In [4]:
from abc import ABCMeta, abstractmethod
from sklearn import preprocessing, model_selection, metrics
import datetime
from sklearn.metrics import mean_squared_error
import os
import pandas as pd
import numpy as np
import xgboost as xgb


class BaseModelInterface:
    __metaclass__ = ABCMeta

    @abstractmethod
    def fit(self, x_train, y_train, x_val=None, y_val=None, seed=42):
        """Train the model on the x_train and y_train. x_val and y_val is used for early stopping for some models.

        :param x_train: 2-d numpy array
        :param y_train: 1-d numpy array
        :param x_val: 2-d numpy array - validation data
        :param y_val: 1-d numpy array - validation data
        :param seed
        :return: 1-dim array - prediction result
        """
        raise NotImplementedError

    @abstractmethod
    def predict(self, X):
        """Predict on the data X.

        :param X: 2-d numpy array
        :return: 1-dim array - prediction result
        """
        raise NotImplementedError


class XgbWrapper(BaseModelInterface):

    default_params = {
        'learning_rate': 0.3,
        'max_depth': 6,
        'min_child_weight': 1,
        'gamma': 0,
        'subsample': 1,
        'colsample_bytree': 1,
        'num_boost_round': 1000,
        'early_stopping_rounds': 40,
        'verbose_eval': 10,
        'lambda': 1,
        'alpha': 0,
        'objective': 'reg:linear',
        'eval_metric': 'rmse',
        'silent': 1,
    }

    def __init__(self, params, feature_names=None):
        self.params = self.default_params.copy()

        for k in params:
            self.params[k] = params[k]

        self.model = None
        self.feature_names = feature_names

    def fit(self, x_train, y_train, x_val=None, y_val=None, seed=42):
        params = self.params.copy()
        params['seed'] = seed

        # Slight improvement
        params['base_score'] = np.median(y_train)
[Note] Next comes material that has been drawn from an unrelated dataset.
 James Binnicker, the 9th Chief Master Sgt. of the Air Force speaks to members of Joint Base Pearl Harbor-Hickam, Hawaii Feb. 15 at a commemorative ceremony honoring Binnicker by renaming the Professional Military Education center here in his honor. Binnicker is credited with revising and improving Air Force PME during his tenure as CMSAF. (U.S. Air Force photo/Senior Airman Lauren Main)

        dtrain = xgb.DMatrix(x_train, label=y_train, feature_names=self.feature_names)

        if x_val is None:
            watchlist = [(dtrain, 'train')]
        else:
            dval = xgb.DMatrix(x_val, label=y_val, feature_names=self.feature_names)
            watchlist = [(dval, 'eval'), (dtrain, 'train')]

        self.model = xgb.train(params, dtrain, evals=watchlist)

    def predict(self, X):
        return self.model.predict(xgb.DMatrix(X, feature_names=self.feature_names))


def calculate_score_fun(y_true, y_pred):
    """Calculate the mean squared error.

    :param y_true: 1-d array
    :param y_pred: 1-d array
    :return: double
    """
    if not isinstance(y_true, np.ndarray) or not isinstance(y_pred, np.ndarray):
        raise Exception("y_true and y_pred must have type 'np.ndarray'")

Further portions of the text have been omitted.